WESTFIELD, Mass. — It was a futuristic sight, as about a dozen students, faculty and community members gathered around a cluster of screens on the second floor of the Ely Library at Westfield State University late last month to behold a wonder of modern technology.
The wonder that lay before them, projected onto seven screens standing 7 feet tall, is Liquid Galaxy, a revolutionary product developed by Google which utilizes the company’s Google Earth component to take users almost anywhere in seconds, on Earth or elsewhere.
“It sends Mars data, too,” said Tom Raffensperger, the dean of Academic Information Services at Westfield State. “There’s a rover up there taking pictures and mapping.”
Capable of showing off the red planet just as adeptly as taking users to Fenway Park, Liquid Galaxy’s potential is seemingly limitless, and Raffensperger says it will be available to the greater Westfield community during open lab times, after being made available to professors and students first.
As the jaws of students and faculty alike dropped to the floor at the startling realism and accuracy of Google Earth’s mapping, professors in the school’s geography department took the opportunity to speak about the project, its humble beginnings, and what it means for the institution.
“It all started when Tim (LeDoux) and I were invited to attend the geospatial technology and higher education workshop at Google in California last summer,” said Dr. Carsten Braun, a professor of geography and regional planning at the university. “When we saw the Liquid Galaxy we said, ‘Wow, this is cool, but not just cool – a great teaching tool.’ So when we came back, we launched an idea to (Dr.) Liz Preston and Tom Raffensperger saying ‘Hey, is this something we could get?’ ”
Various university departments collectively paid $25,000 to use the program.
“It was really a collaborative effort,” said Raffensperger. “It was a lot of departments getting together. The library, we worked hard to make this space available, and the people at IT, academic information services, academic affairs, just a lot of different departments seeing how this would benefit the university as a whole.”

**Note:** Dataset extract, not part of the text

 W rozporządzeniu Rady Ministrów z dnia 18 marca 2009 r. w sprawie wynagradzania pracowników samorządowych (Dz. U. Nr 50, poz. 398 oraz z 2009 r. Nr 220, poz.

Raffensperger added that professors such as LeDoux will be using the program for introductory and advanced global imaging systems courses to take students to distant cities.

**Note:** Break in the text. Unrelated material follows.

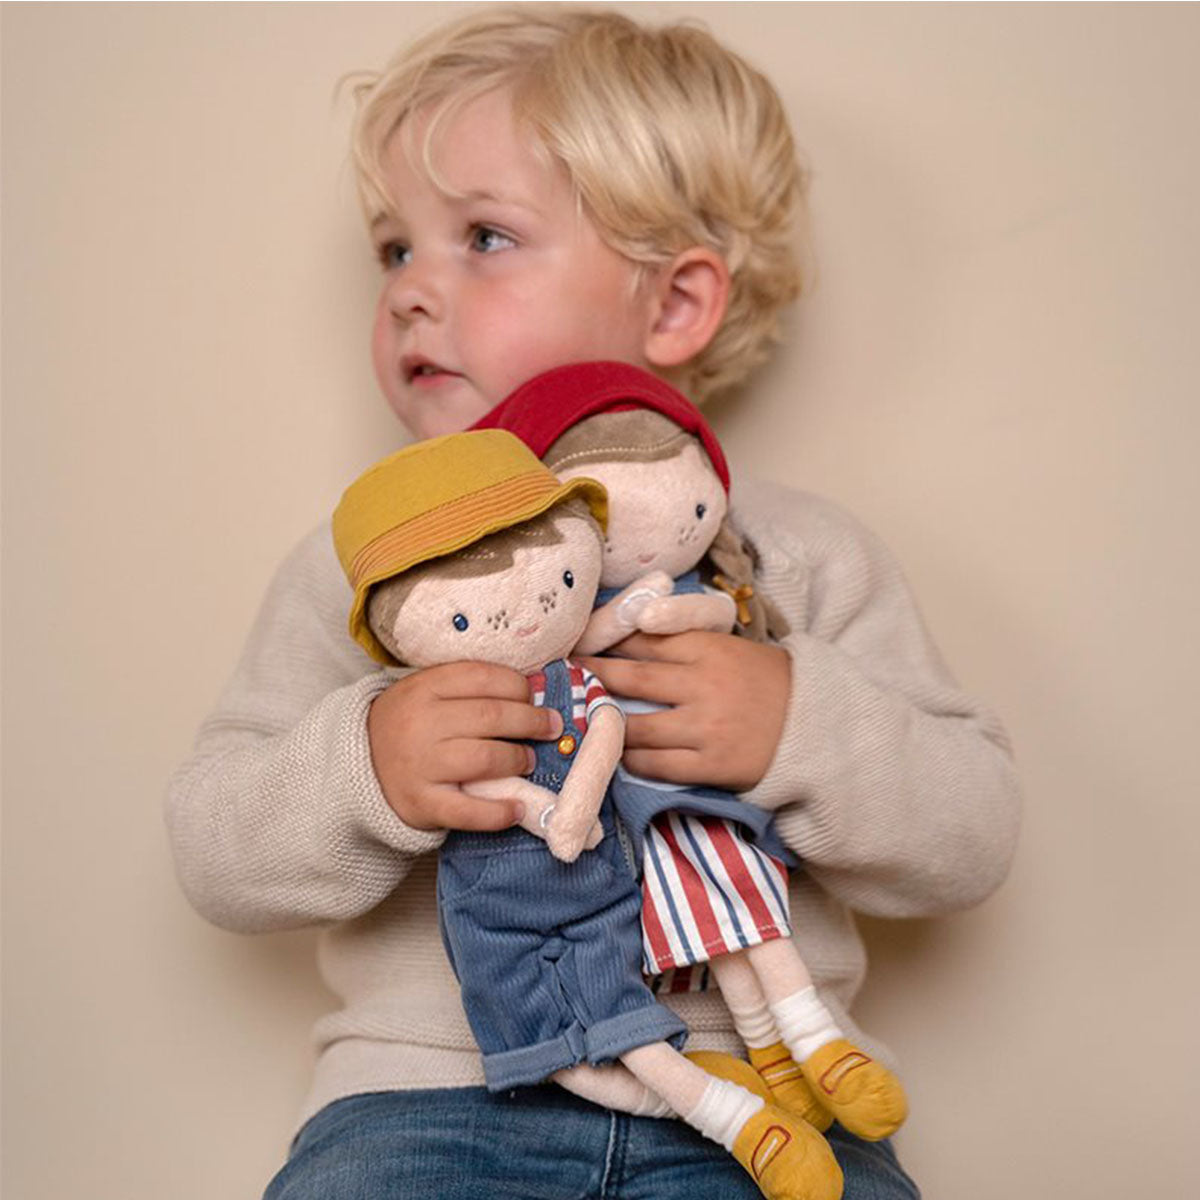 Deze superschattige Little Dutch knuffelpop Hollandse Jim is een unieke aanwinst in de knuffelcollectie van je kleintje. De lieve knuffel Jim neemt je kindje graag mee in het boerenleven. VanZus

“As a geographer and planner, I talk a lot about different cities and the issues they’re facing, such as Detroit with its bankruptcy,” LeDoux said. “I can talk a lot about the legacy – the racism, the disinvestment issues – and that helps students paint a picture, but to take them on the ground and walk through the neighborhoods of Detroit using this, they see it, the abandoned buildings, and it brings home the visual element to them.”
“I will be using this in my physical geography class, which is about landforms – glaciers, rivers, mountains, beaches – all kinds of stuff that. With this immersive program, you can experience beach erosion, experience sea level rise, much better than a static picture,” Braun said. “We can do labs and say, ‘Let’s go to the Grand Canyon, let’s look at what goes on at the intersection of land and ocean.’ ”
“(We’ll be) working with the folks from the art department, or any other interested people to create content experiences that they can use in their classes,” he said. “That’s what we’re going to be working on in the next few months. You teach English literature, you teach art, let’s see how we can create activities that let students experience this in a special sense.”
“This can be applied to all the different disciplines at the University,” LeDoux said. “Whether you’re trying to ground literature for students, poetry that a poet is writing about a landscape, it’s a very vivid image, but actually seeing what they’re writing about is very powerful.”
When asked about the prevalence of this technology, Braun was proud to admit that Liquid Galaxy is so far only available in museums and large research-based institutions, none of which are the size of Westfield State.
“I’d be super happy to talk to anybody about how to make this useful,” Braun said. “In a perfect world, we want to help everybody get this. But first, let’s take this off the campus and bring it into the community, working in the local schools and make this a tool or experience that we share with the entire community.”
“We are very excited to be able to provide this,” said Westfield State University President Dr. Elizabeth Preston during the demo.